The hours crept by while I busied myself on my little laptop. I didn't even bother flirting with the waitresses (sorta my thing). I can't even say with a straight face that I accomplished anything productive whiling away the night surrounded by a steadily rotating crowd of drunks. My eyes grew heavy and my thoughts dimmed. I really shoulda got my troll on.
I looked outside and realized the sun was up, but I couldn't see it, the fog was just too thick. But light it most certainly was, and that meant it was time to hit the ramp. I finished the last of my fourth pot of coffee and shouldered my gear. I was in for a long day.
I caught a ride after nearly an hour of toying with the idea of gaffing off the Road for the morning and taking a snooze under some cedar trees. His name was Greg(?), and he was a very well mannered and delightfully spoken internal medicine doctor on his way home from a conference. We hit it off, and our topic of conversation seemed to change with every passing mile until I got out at some sort of highway interchange. I'm still not certain where it was, but maybe 30 something miles South of Eugene. Sleep deprivation has a way of clouding the mind that way.
An interchange is a terrible place to catch a ride no matter where you are, but nobody hitchhikes for its predictability. You work with what you have. I stood the White Line for a few hours watching the cars scream by me, when a pair of Road Dogs came walking in the same direction I was hitching. They were typical of what you expect to see in young hitchhikers. Shabby, disheveled, strung out. Like Lieutenant Dan with a backpack instead of the wheel chair. To anyone else they are nothing more than a couple of burned out 20 somethings, desperately clinging to the only life they were capable of making for themselves, feeding off the fat of society. To them, they are the masters of their own universe. And they had been walking since sun up. I was out of water so I traded them some pipe tobacco for a half a canteen. It was a good trade.
I stood leaning into my pack frame with my waist, my right arm only half extended, my thumb leering in the direction I intended to go. I don't know how long I slept standing there, but I awoke to a Jimmy pulling up within a couple of feet of me on the shoulder.
After loading my gear into the back I climbed in and met Zack. About my age, he was on a spur of the moment Road trip to see some family in Grants Pass, and escape his pregnant sister in law (who could blame the poor guy?). We hit it off as well, and he offered me a jug of water and a sandwich. I declined the sandwich out of fear that I wouldn't manage to stay conscious for the ride. Our talk ranged from how he passed me, and then doubled back to pick me up because he's such a rad fella, to how really NOT cool it is to bang 14 year olds no matter how over developed they might be, to why Drill Instructors stare longingly into their campaign covers.

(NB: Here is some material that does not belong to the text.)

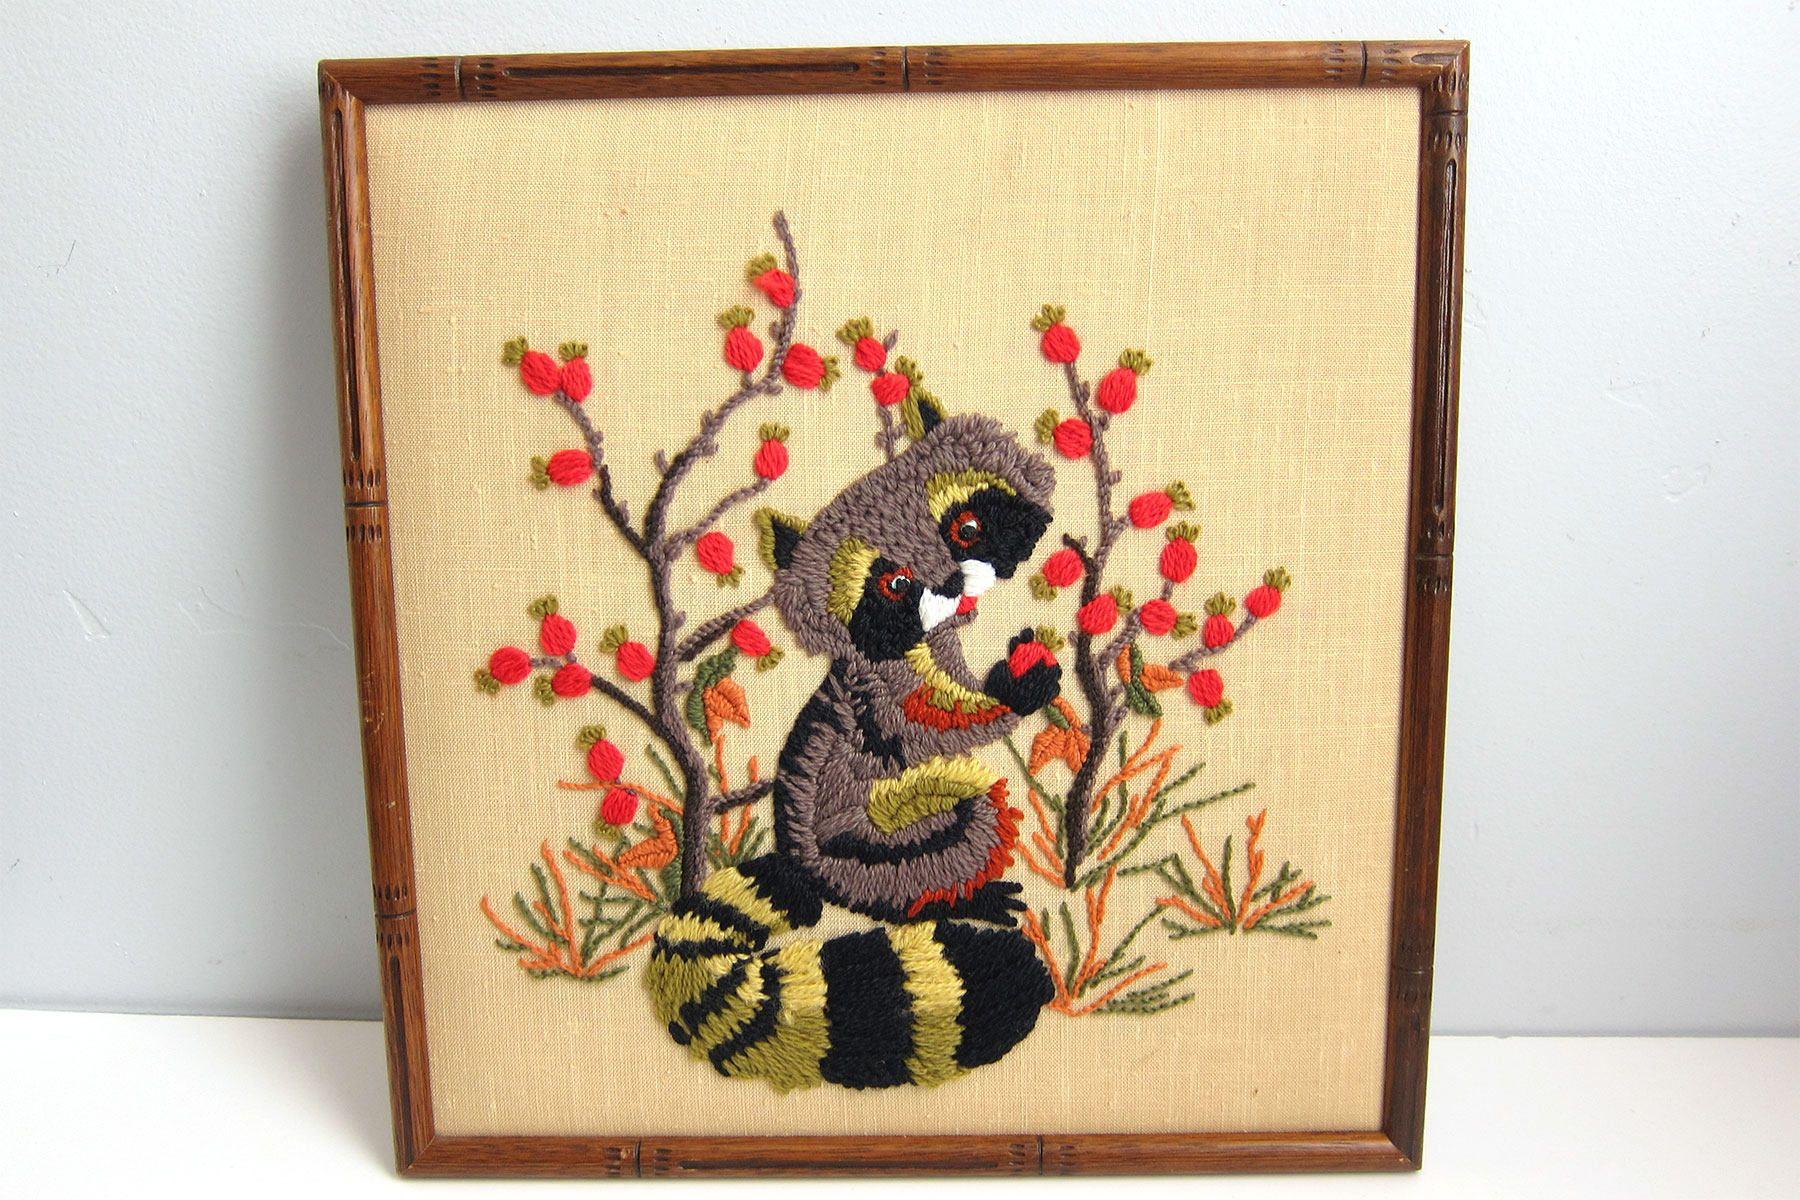 Vintage Cute Raccoon Apple Tree Crewel Embroidery Framed Wall Art ...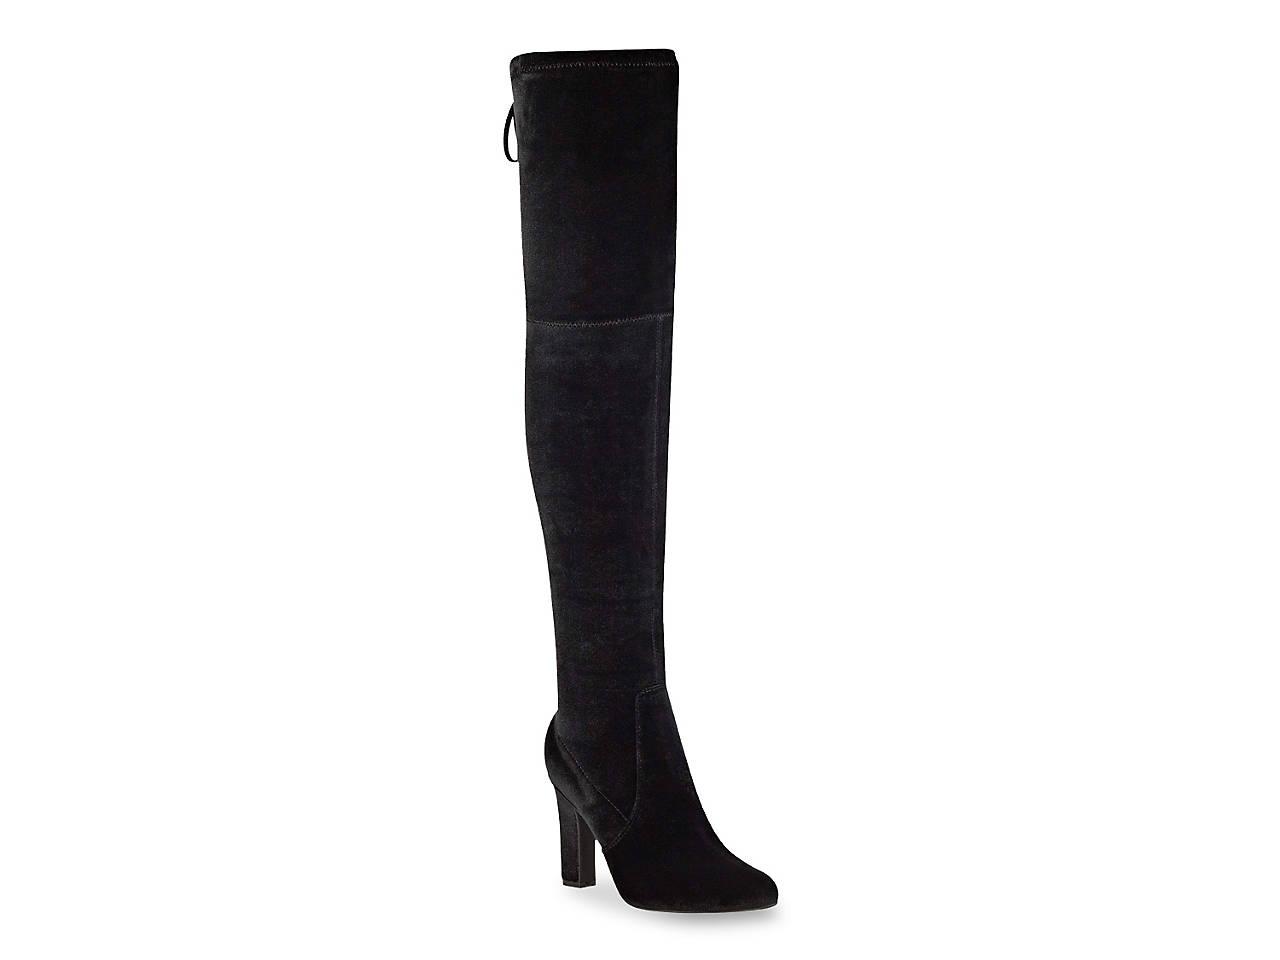 58a13cf44227 Unisa Saromi Over The Knee Velvet Boot Women s Shoes

I finally gave in and ate the sandwich. It was delicious. I could hear myself talking, but I had no control over it. I knew that if I stopped I would slump over into a pile of narcoleptic hobo right there in his passenger seat. And that's just bad form. When he finally stopped to let me out in a parking lot I realized my eyes were closed behind my sunglasses and I had the vague impression I was still babbling about how much fun commercial fishing really is. I'm assuming he left convinced I was on drugs.